I have an exercise where I'm supposed to show, by delta-epsilon proof that $\frac{x}{x+1}$ tends to 1 as $x$ goes to positive infinity.
In our faculty and literature, for limits at infinity we usually call $\delta$ small omega ($\omega$) instead. So the definition I use is the following:
$$x > \omega \Rightarrow |f(x)-A|\leq\epsilon$$ where $$x > 0,\; \omega(\epsilon),\; \epsilon > 0$$ So pretty standard definition.
Now here's my attempted proof of: $$\lim_{x\rightarrow\infty} \frac{x}{x+1} = 1$$
We have $$\left|\frac{x}{x+1}-1\right|\Leftrightarrow \left|-\frac{1}{x+1}\right|$$ Also for positive $x$, $x + 1 > 0$ so: $$\frac{1}{x+1} \leq \epsilon$$ Which (again with assumption $x > 0$) gives: $$\frac{1}{\epsilon} - 1 \leq x$$ so we can use $\omega(\epsilon) = \frac{1}{\epsilon} - 1$
I am struggling somewhat in real analysis at the moment, so I have very low confidence that I'm not missing something important. It would be greatly appreciated if someone could take a look at my proof and give feedback.

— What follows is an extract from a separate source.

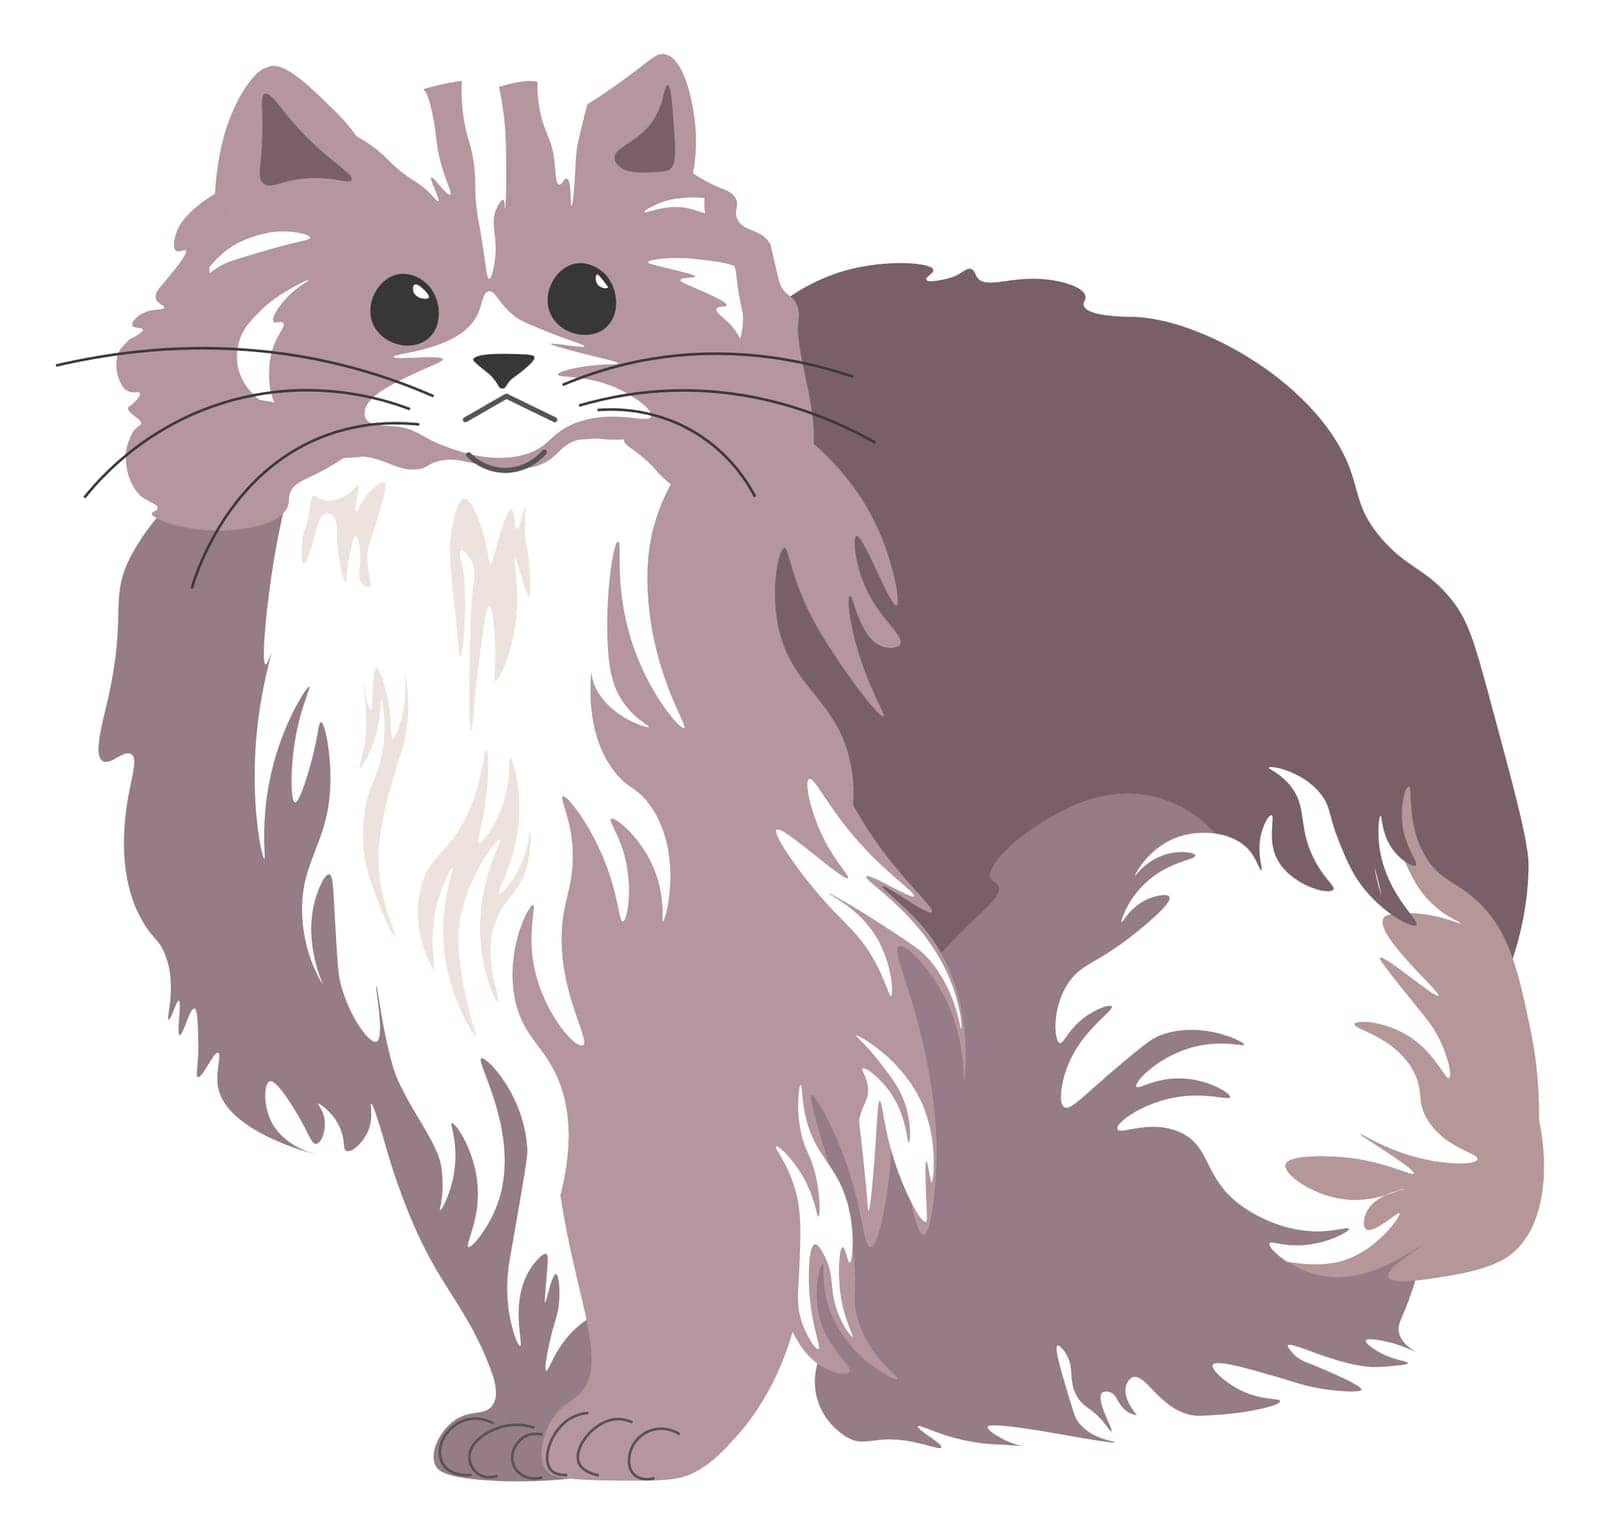 Portrait of furry kitten with long whiskers and hair. isolated cat of purebred, feline animal domestic pet looking with curiosity and sitting still. Funny muzzle of kitty. Vector in flat style

Proof going in the "opposite direction" as Skurmedel's... Skurmedel's work resembles very good "scratch work", whose goal is to figure out the appropriate $\delta(\epsilon)$. One usually does the work he has done, then turns in a final proof like this:
Let $0<\epsilon<1$. Put $\delta(\epsilon):=\frac{1}{\epsilon}-1$ Then $$\left|\frac{x}{x+1}-1\right|=\left|\frac{-1}{x+1}\right|=\frac{1}{x+1}$$ for $x>-1$ (and, in particular, for $x>0$). Then $$x>\delta(\epsilon)=\frac{1}{\epsilon}-1$$ implies $$x+1>\frac{1}{\epsilon}$$ and hence, since $x+1>0$ for $x>0$, this last statement is equivalent to $$\epsilon >\frac{1}{x+1}(>0)$$ Therefore, $$\lim_{x\rightarrow \infty} \frac{x}{x+1}=1$$